++++ EXTRACTED ENTRIES ++++

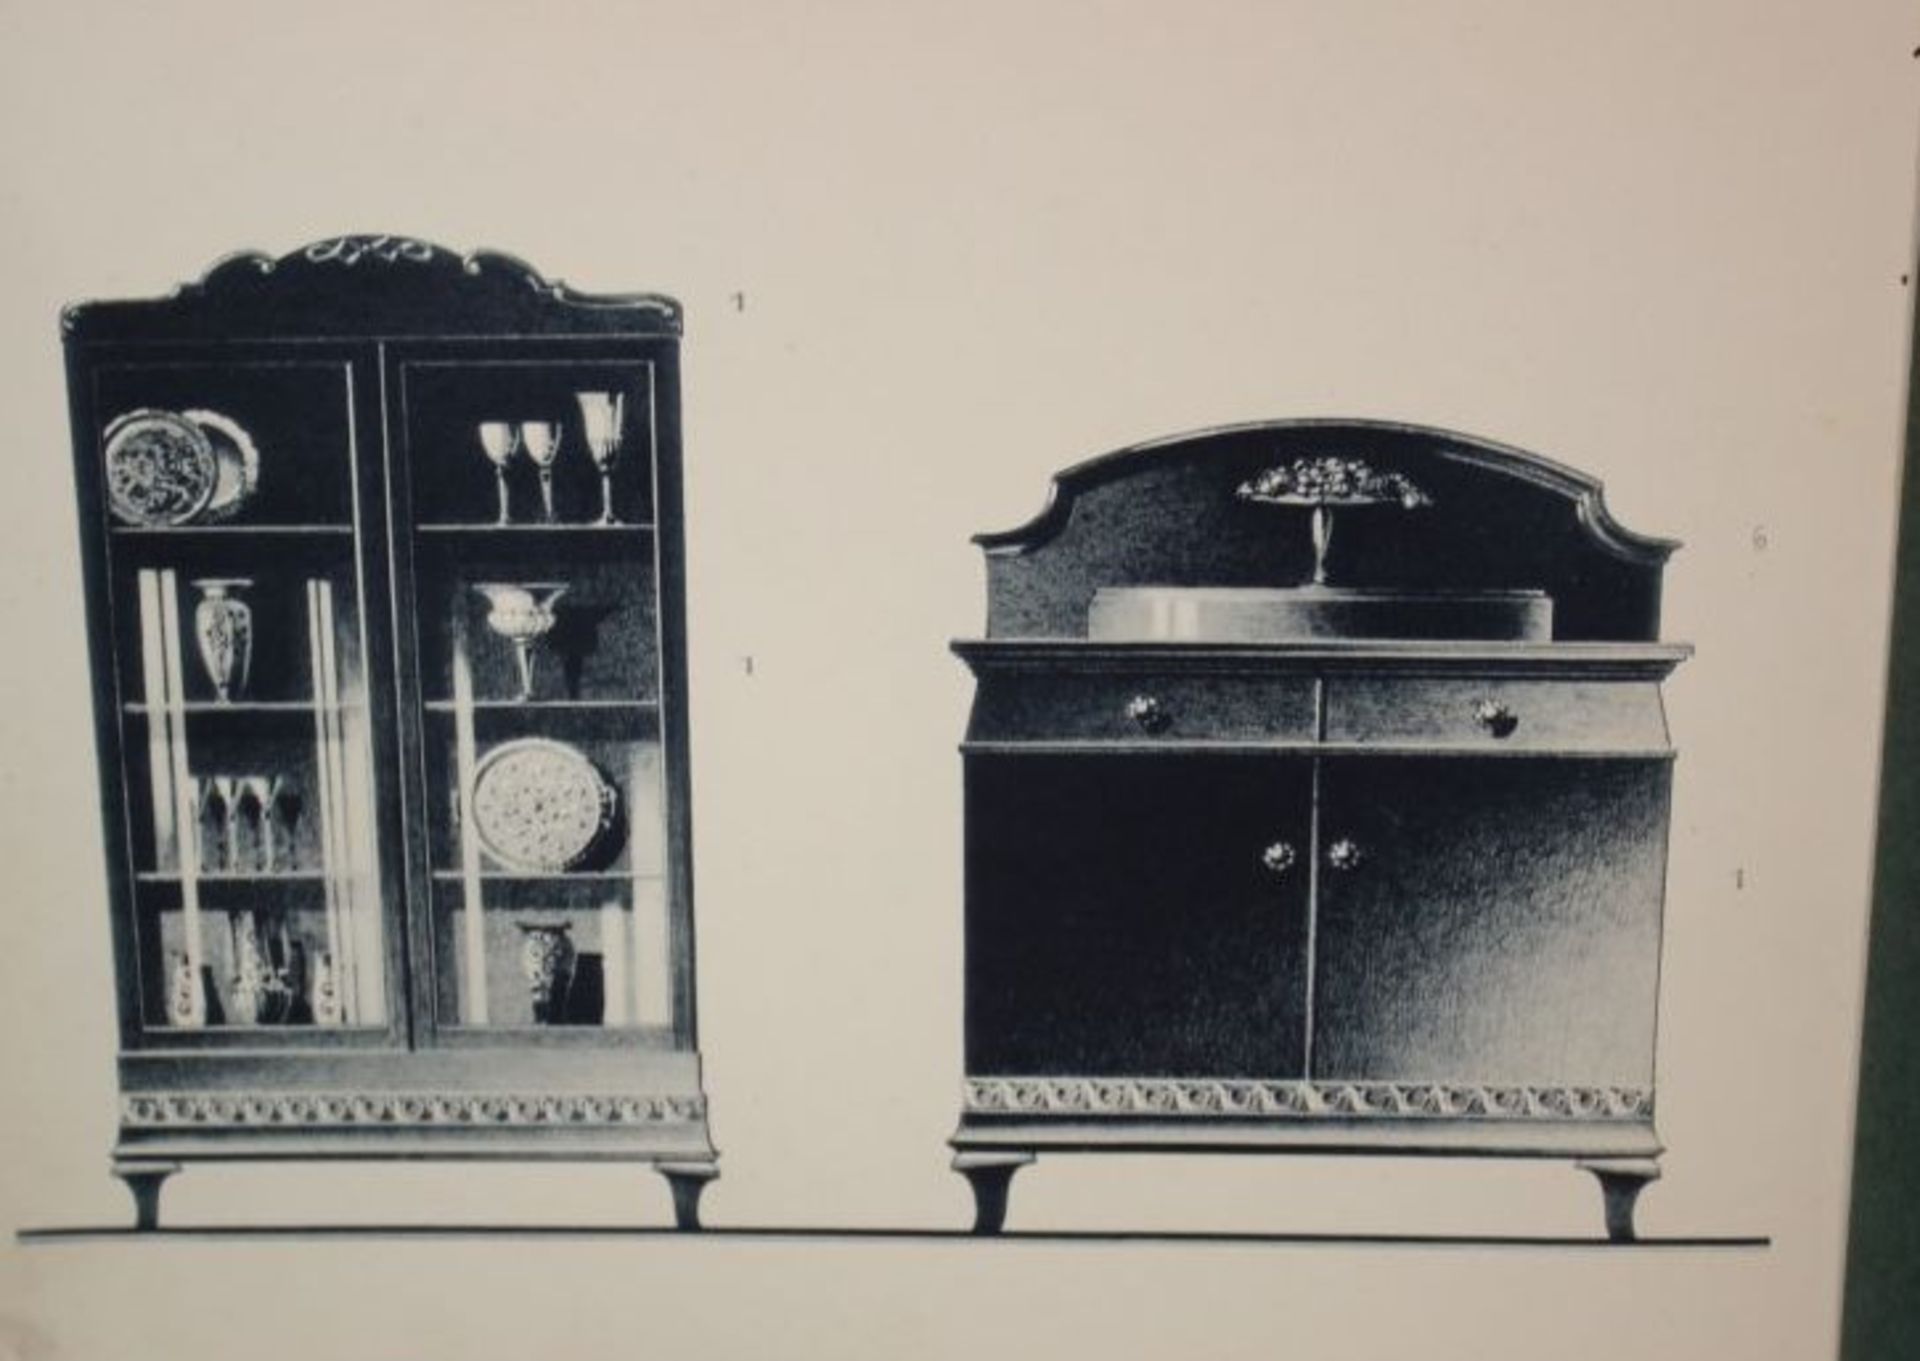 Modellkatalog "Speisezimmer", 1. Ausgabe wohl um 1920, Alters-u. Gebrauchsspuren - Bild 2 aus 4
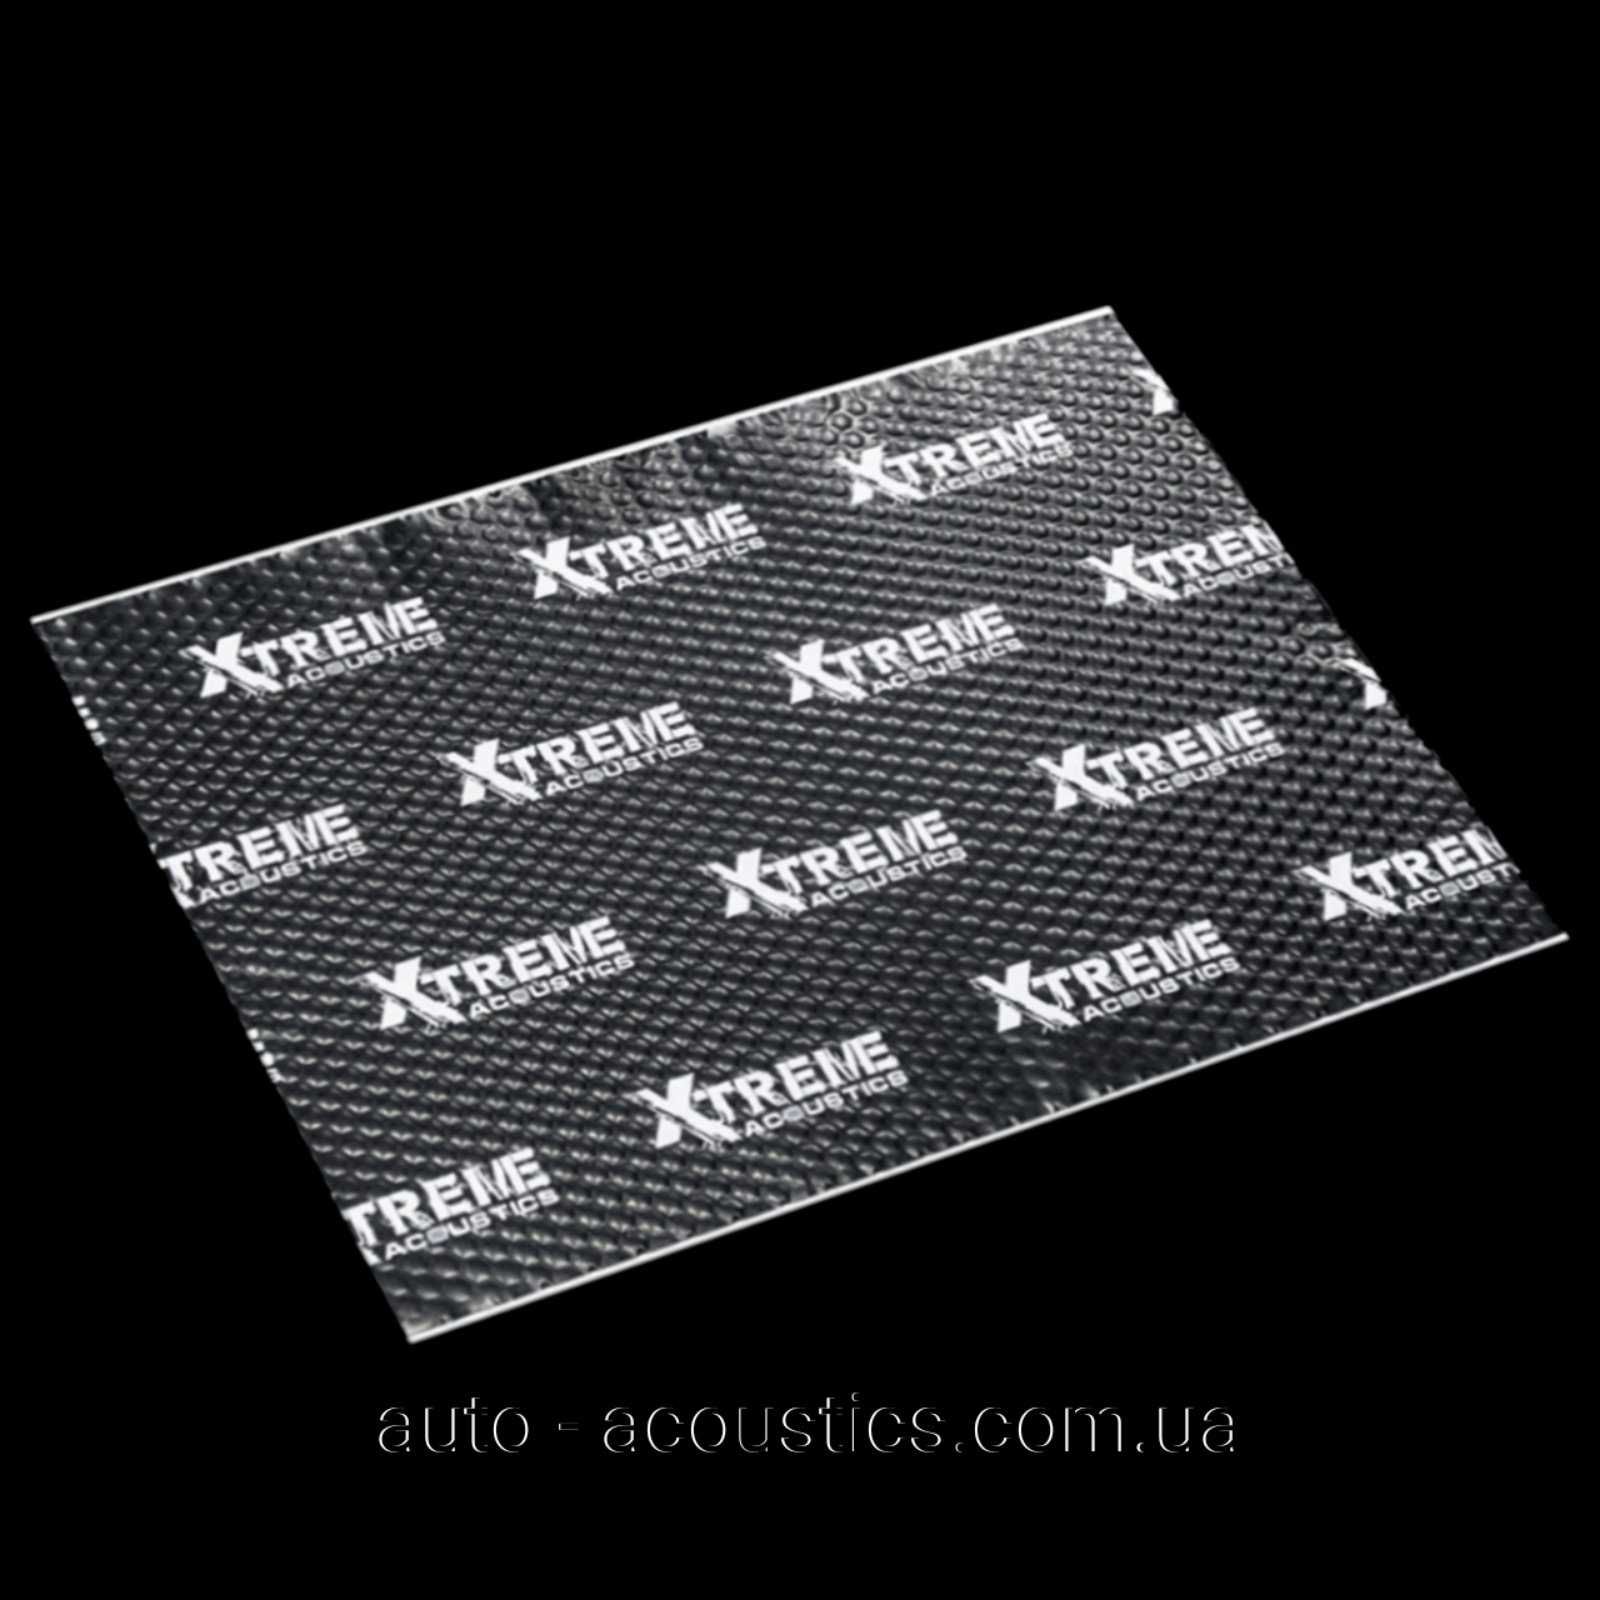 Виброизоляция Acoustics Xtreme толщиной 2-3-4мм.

++++
++++ EXTRACTED ENTRIES ++++

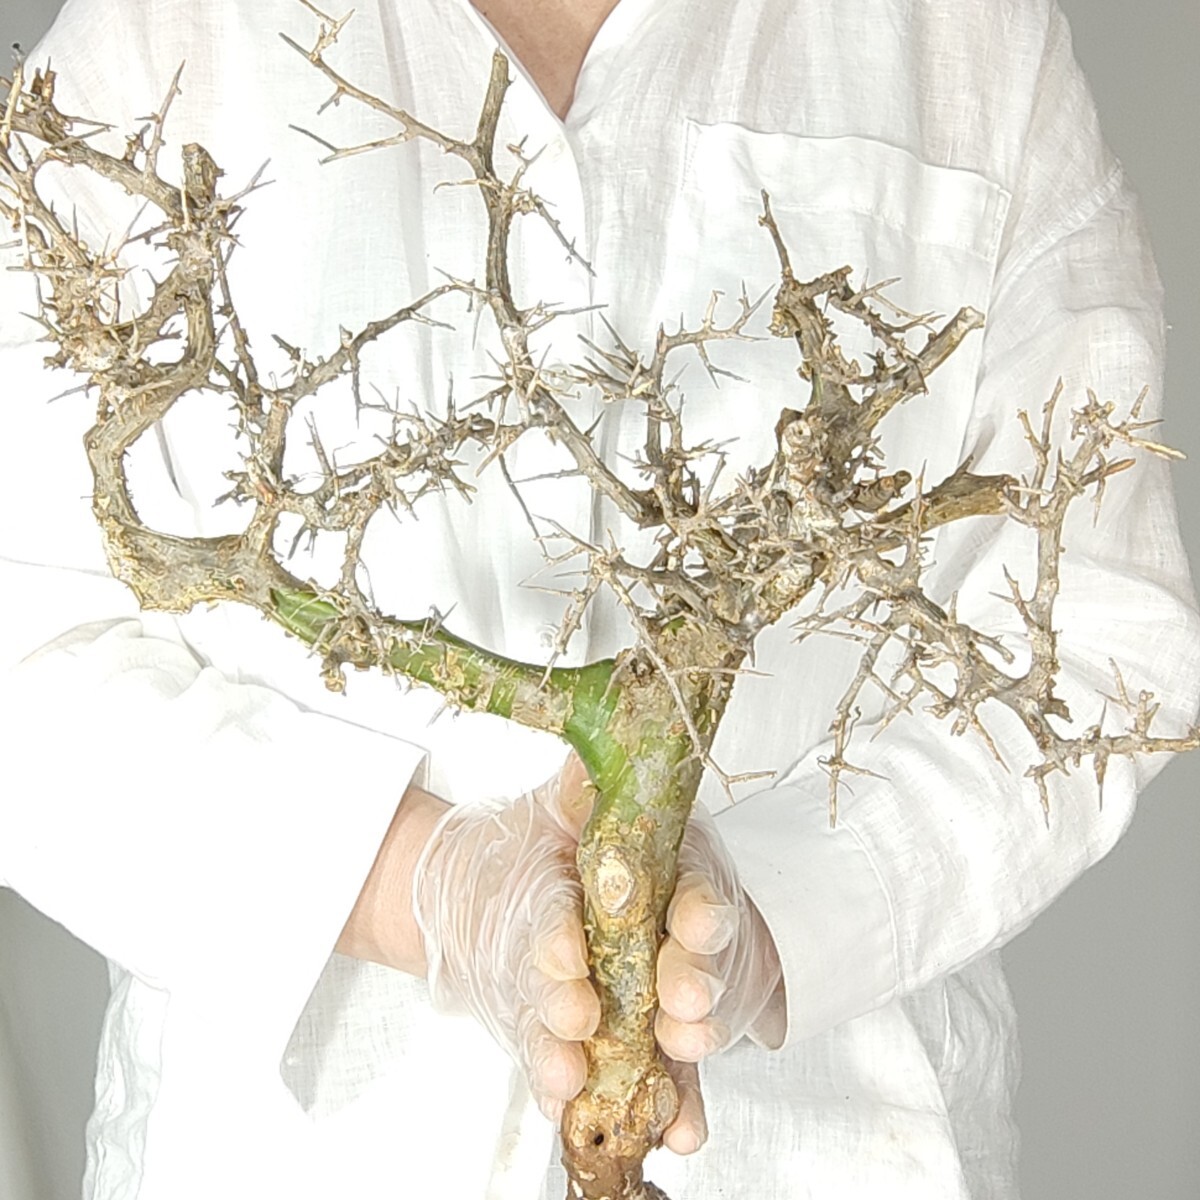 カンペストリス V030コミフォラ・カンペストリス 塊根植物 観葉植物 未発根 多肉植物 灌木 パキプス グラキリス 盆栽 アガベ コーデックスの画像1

++++

--- ABOUT THIS TASK ---
In the listing above, find the line with "Bild 2 aus 4" and the line with "Виброизоляция Acoustics Xtreme". Output both, plus every line between them, and no pictures.

--- COMPLETED TASK ---
 Modellkatalog "Speisezimmer", 1. Ausgabe wohl um 1920, Alters-u. Gebrauchsspuren - Bild 2 aus 4
 Виброизоляция Acoustics Xtreme толщиной 2-3-4мм.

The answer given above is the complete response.